OpenAI Evals is an open-source framework and registry for evaluating LLMs and LLM systems, developed by OpenAI and widely adopted across the industry.
Key Features:
- Evaluation Types:
- Basic (Ground-Truth) Evals: Compare model outputs to known correct answers using deterministic checks
- Model-Graded Evals: Use another AI model to evaluate whether outputs meet desired goals
- Registry of Evals: Pre-built tests covering question answering, logic puzzles, code generation, and content compliance
- Custom Eval Support: Create custom evaluations using proprietary data and domain-specific criteria
- API and Dashboard: Both programmatic and visual interfaces for running evaluations
- Graders: Automated scoring with the Evals API for eval-driven development
- Prompt Optimizer: Tools for improving prompts based on evaluation results
2025-2026 Developments: OpenAI introduced the Evals API for eval-driven development, enabling a tighter "measure → improve → ship" loop. Graders and the Prompt optimizer help teams iterate more effectively.
Use Cases:
- Model selection through objective comparison
- Continuous quality assurance with regression detection
- Fine-tuning validation
- Pre-deployment benchmarking
Best Practices: By 2026, the most effective evaluation stacks prioritize "traceability"—the ability to link a specific evaluation score back to the exact version of the prompt, model, and dataset that produced it.

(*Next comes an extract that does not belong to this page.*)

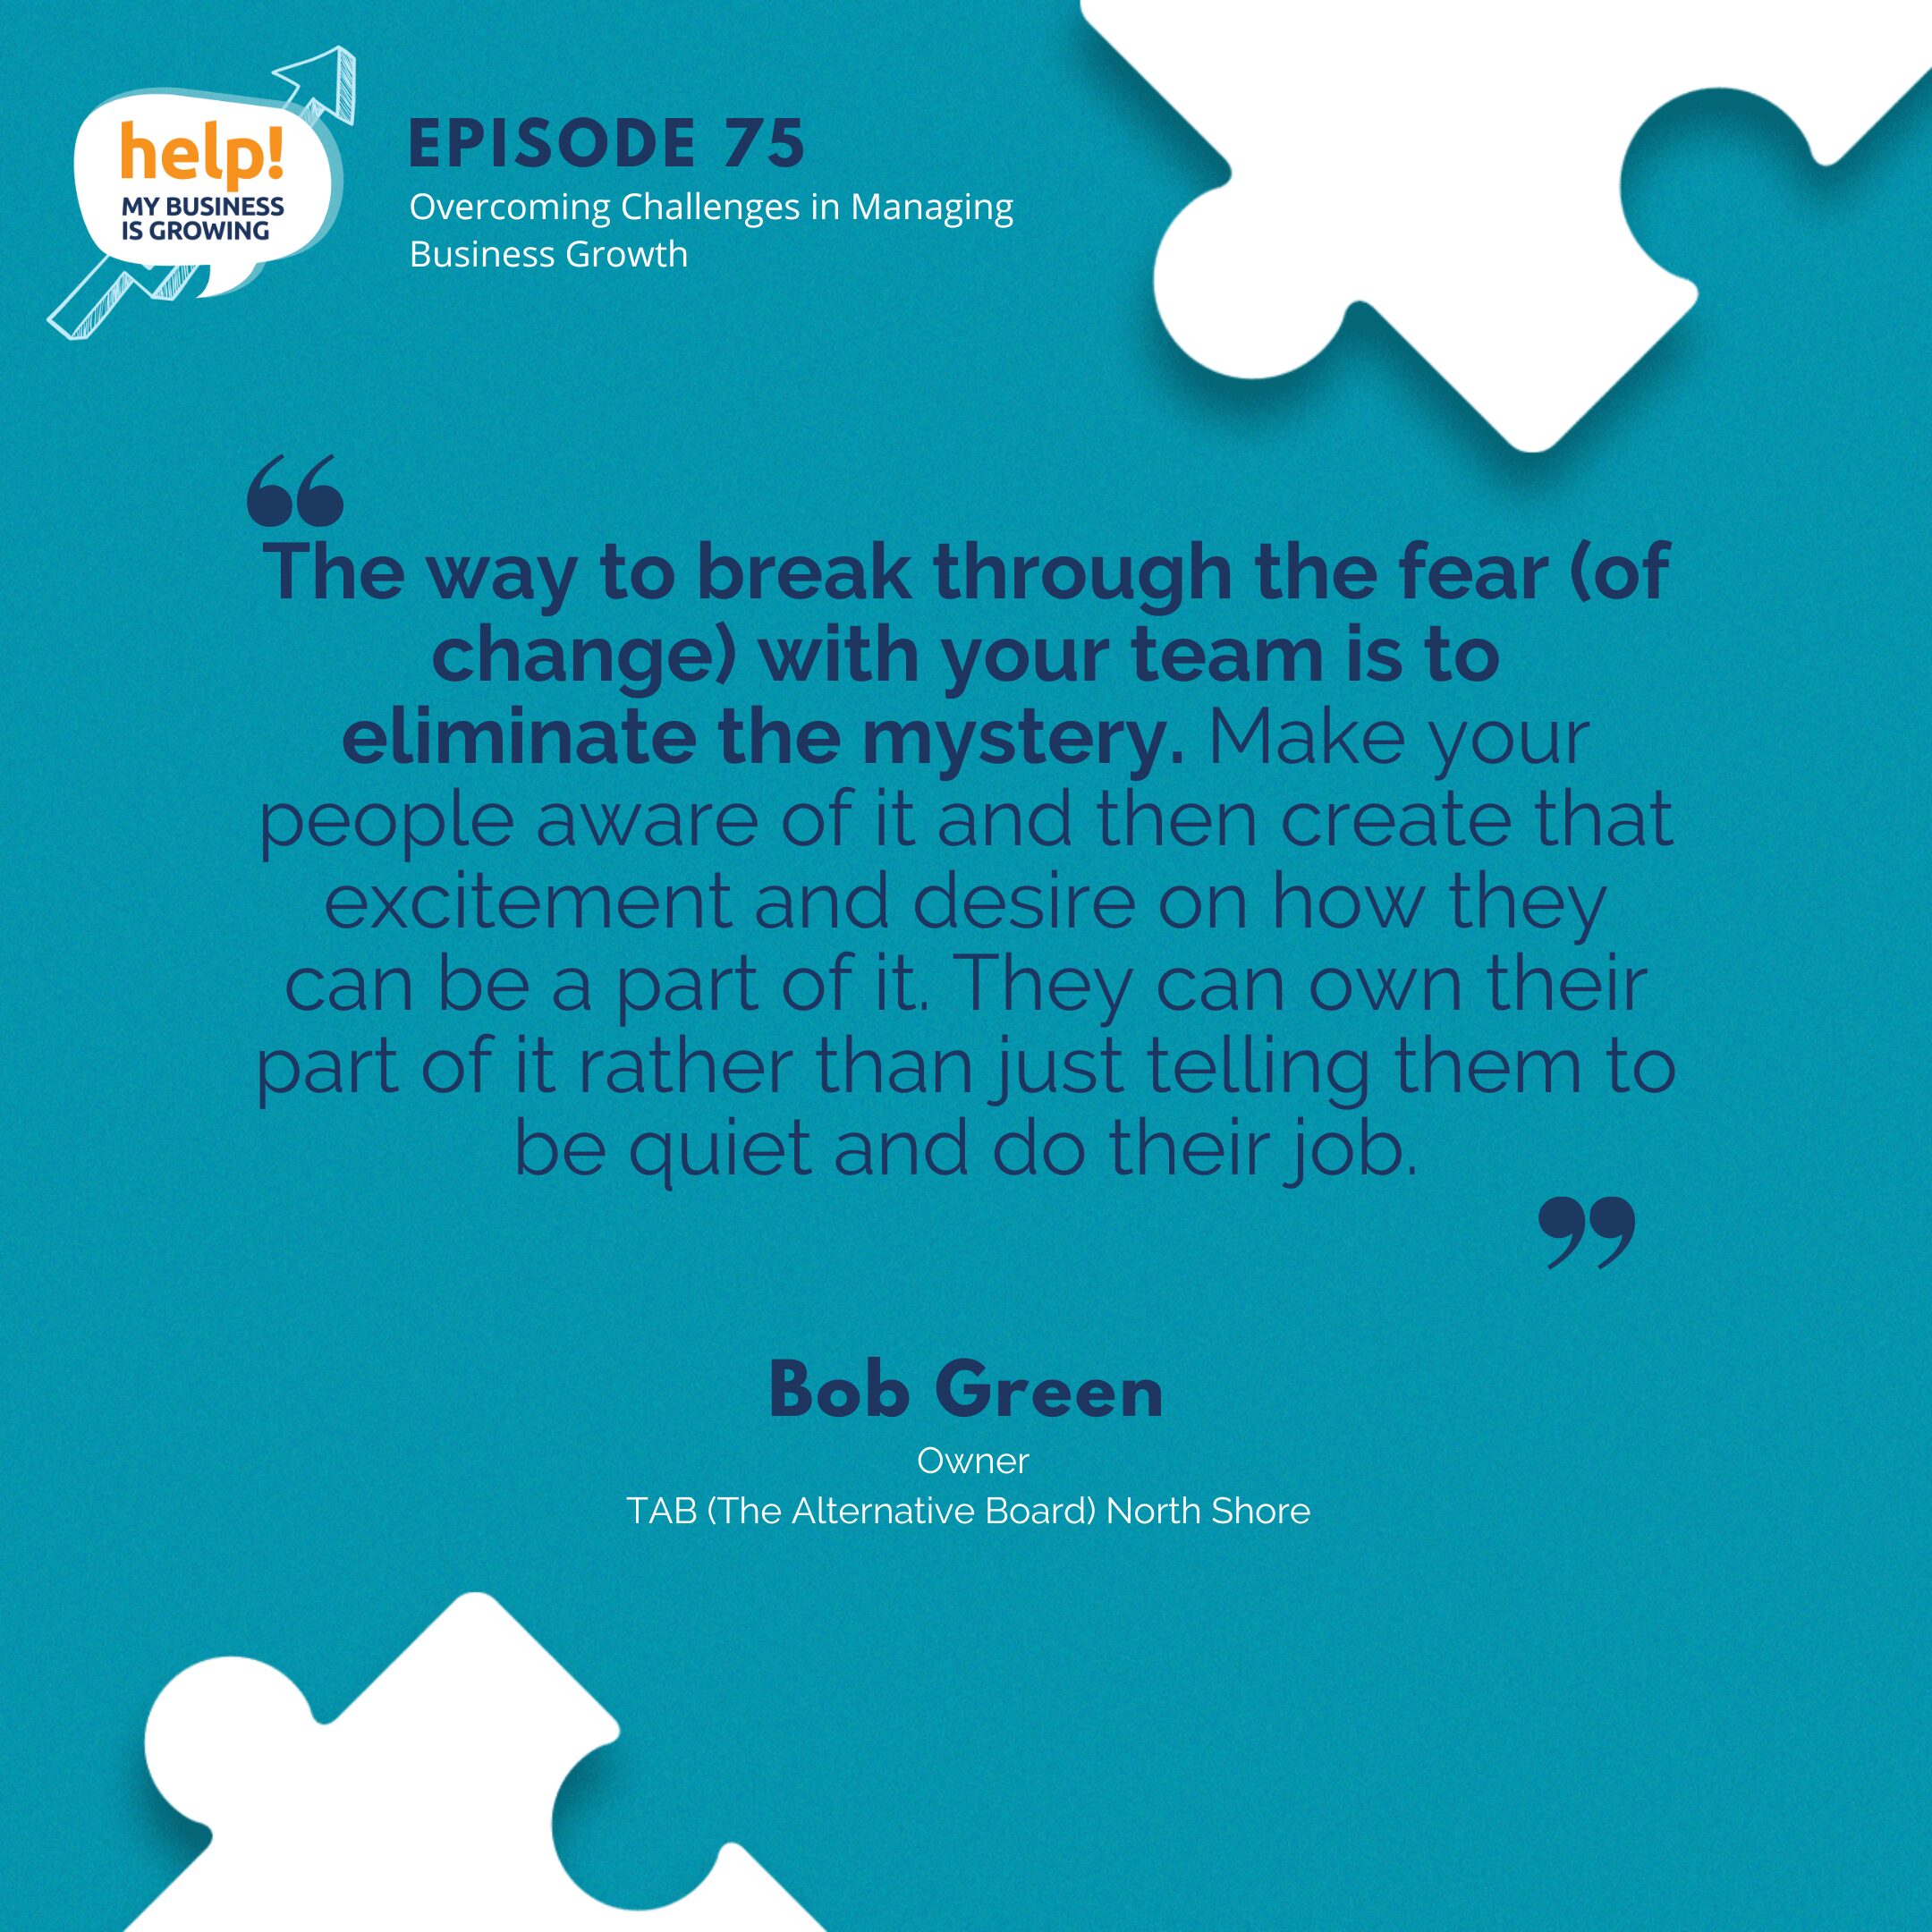 The way to break through the fear (of change) with your team is to eliminate the mystery. Make your people aware of it and then create that excitement and desire on how they can be a part of it. They can own their part of it rather than just telling them to be quiet and do their job.

# Example: Custom OpenAI Eval
from evals.elsuite import BasicEval
class CustomAccuracyEval(BasicEval):
def eval_sample(self, sample, *args):
prompt = sample["input"]
expected = sample["ideal"]
# Get model response
response = self.completion_fn(prompt)
# Custom scoring logic
score = self.calculate_accuracy(response, expected)
return {"score": score}GitHub: github.com/openai/evals
DeepEval is an open-source LLM evaluation framework designed to work like Pytest for LLM outputs, providing 50+ plug-and-use metrics with research backing.
Key Features:
- 50+ Built-in Metrics: Comprehensive library including G-Eval, hallucination detection, faithfulness, relevancy, and toxicity
- Self-Explaining Metrics: Each metric provides detailed insights into why a score falls short and how it can be improved
- Agentic Metrics: Six dedicated metrics for evaluating agent execution flows:
PlanQualityMetric: Evaluates the quality of agent planningPlanAdherenceMetric: Measures how well agents follow their plansToolCorrectnessMetric: Assesses tool selection and usage accuracyStepEfficiencyMetric: Evaluates the efficiency of reasoning steps
- Custom Metrics: Easy-to-build custom metrics using the
BaseMetricclass - Red Teaming: Test for 40+ safety vulnerabilities with built-in red team capabilities (see also: DeepTeam)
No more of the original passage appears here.